PROBLEM TO SOLVE → After removing every image, reproduce the data exactly as it appears.

RECORDS FOR THE TASK →
========
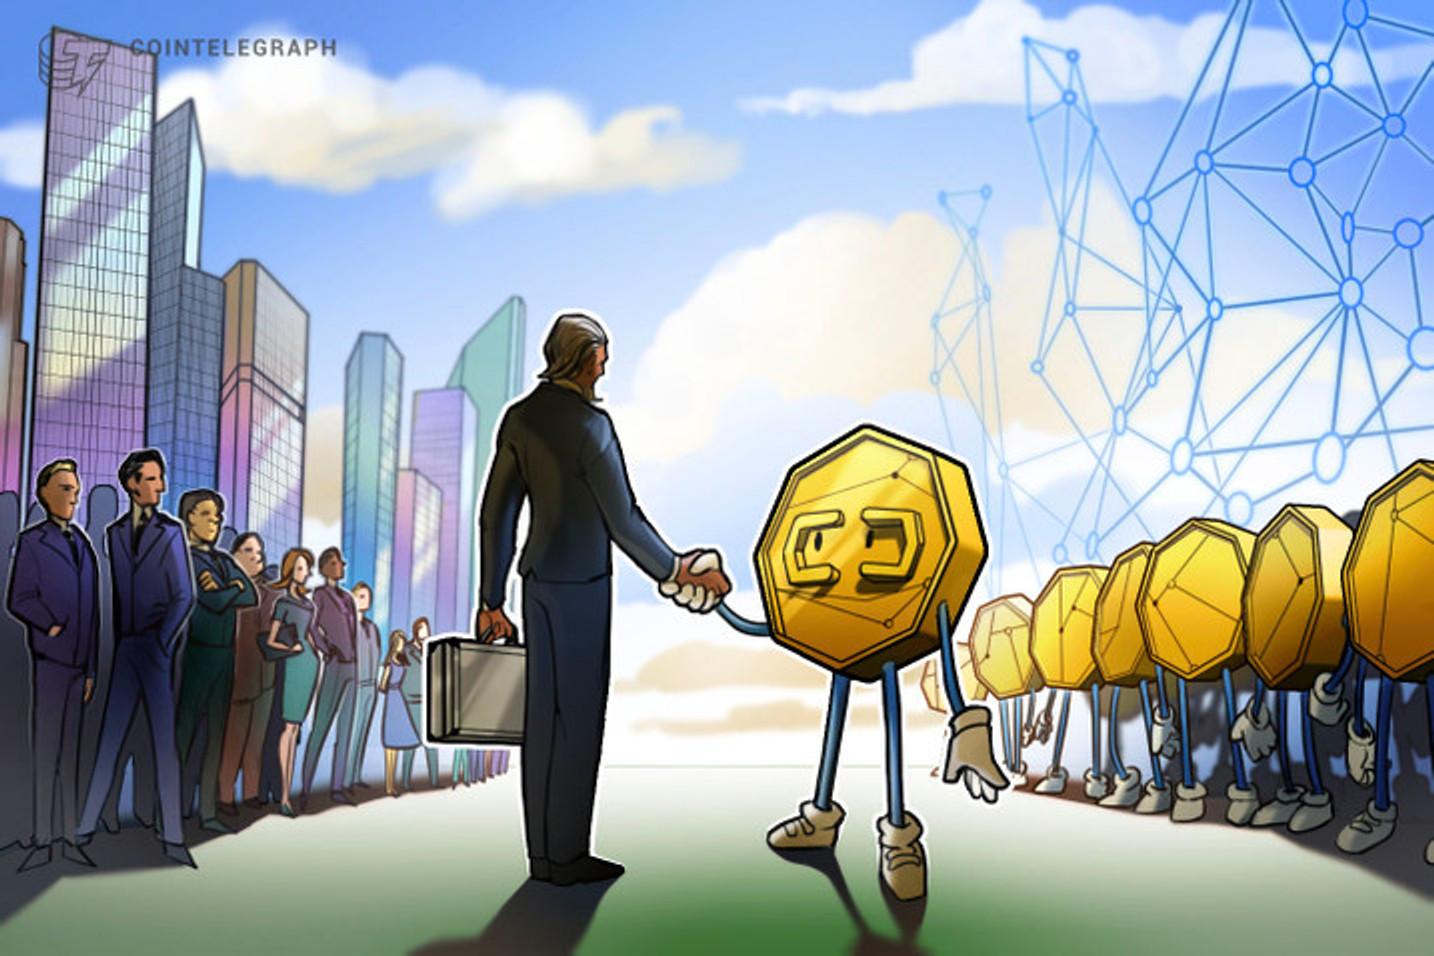 'Dá pra ganhar dinheiro e entender bitcoin sem seguir fake especialista', diz Barão do Bitcoin
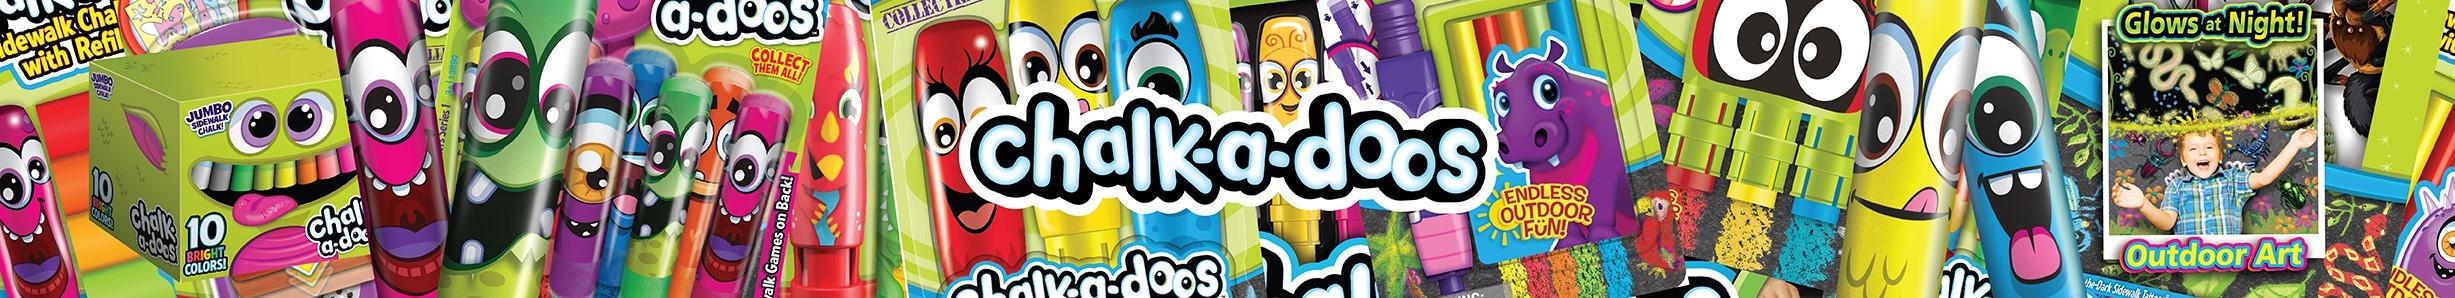 Chalk A Doos
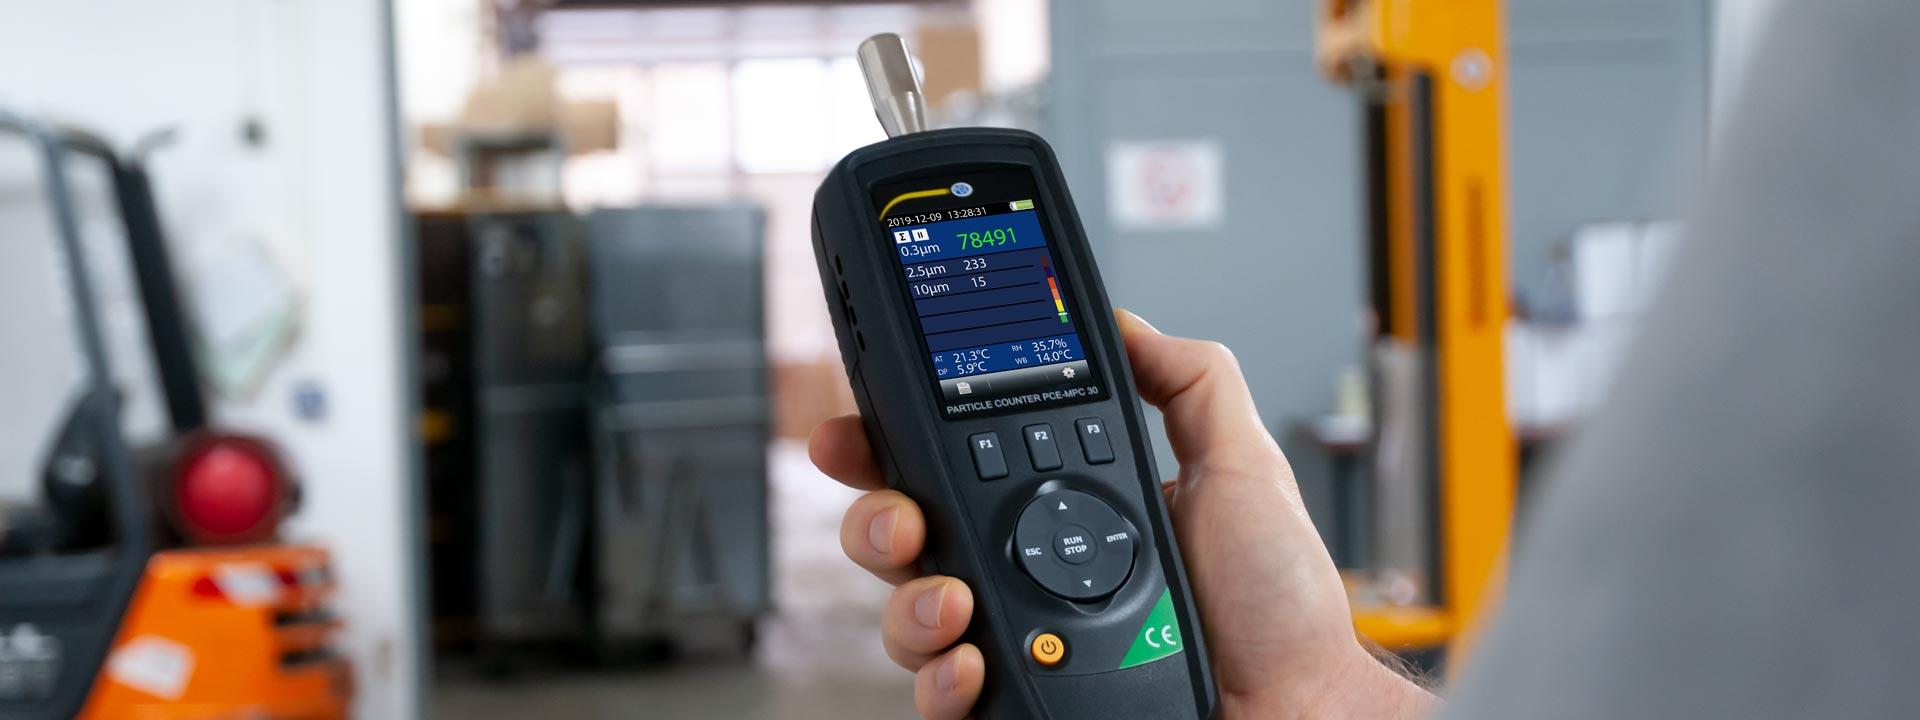 PCE Instruments Luchtkwaliteitsmeter.
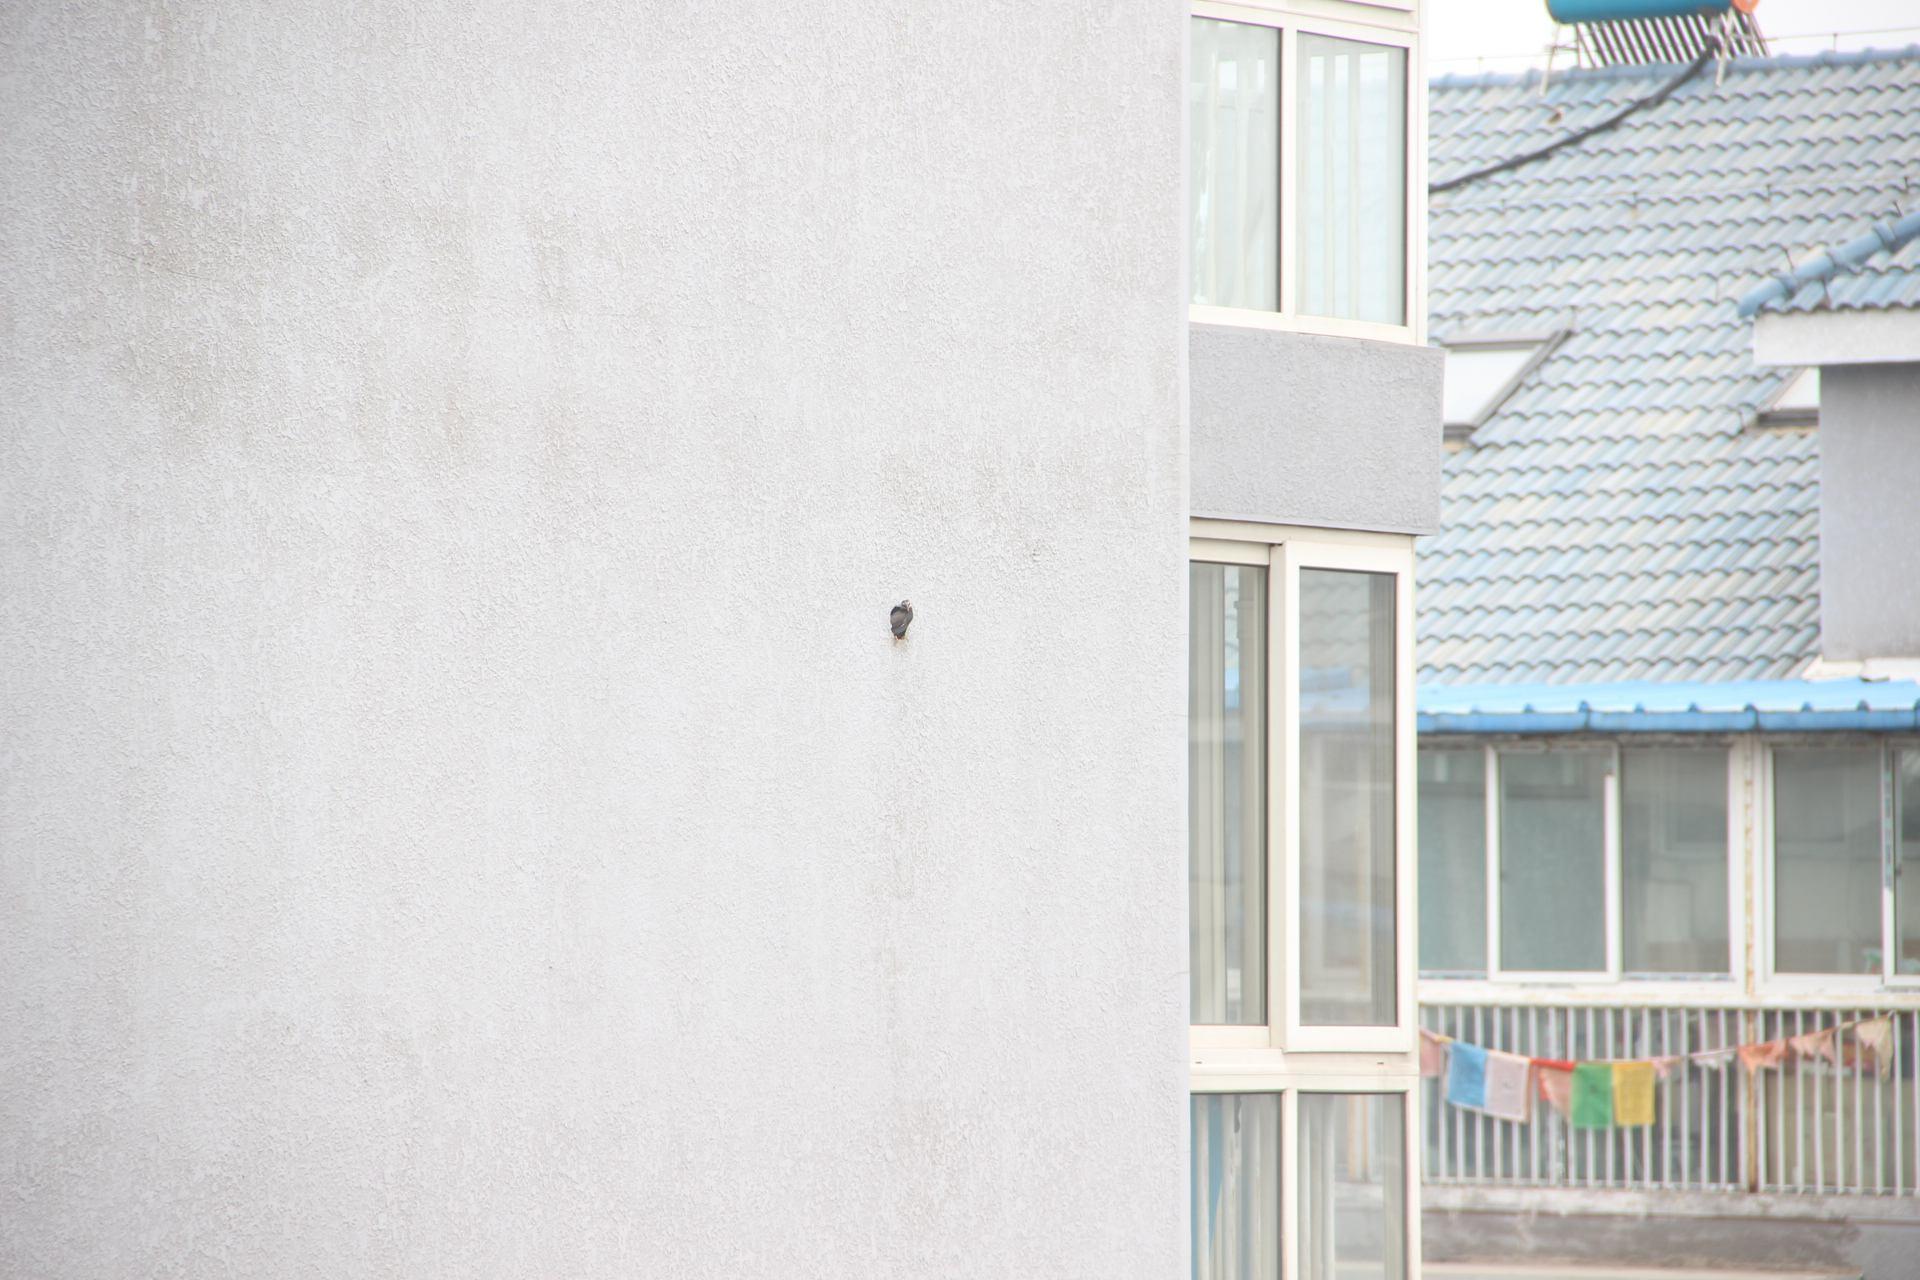 图a-24 我在阳台上拍的,这个洞应该是用来穿空调外机的管道的
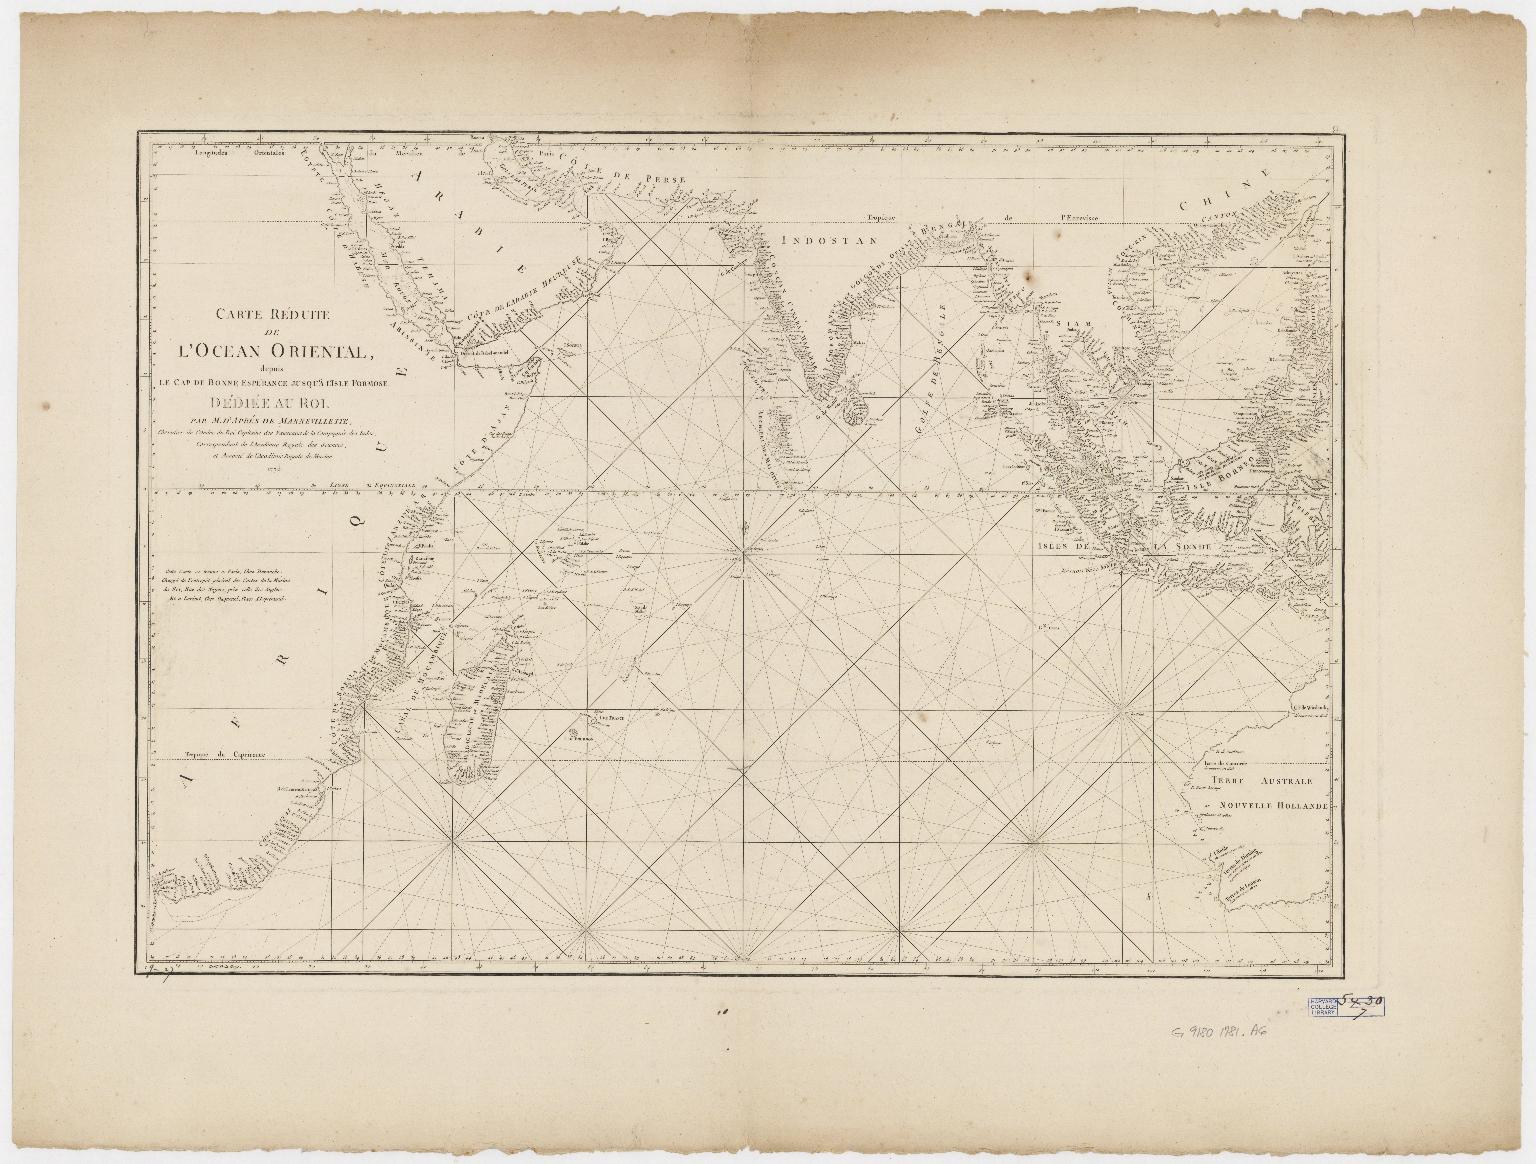 Carte réduite de l'ocean oriental depuis le Cap de Bonne Espérance jusqu'à l'isle Formose
========
ANSWER SECTION →
 'Dá pra ganhar dinheiro e entender bitcoin sem seguir fake especialista', diz Barão do Bitcoin
 Chalk A Doos
 PCE Instruments Luchtkwaliteitsmeter.
 图a-24 我在阳台上拍的,这个洞应该是用来穿空调外机的管道的
 Carte réduite de l'ocean oriental depuis le Cap de Bonne Espérance jusqu'à l'isle Formose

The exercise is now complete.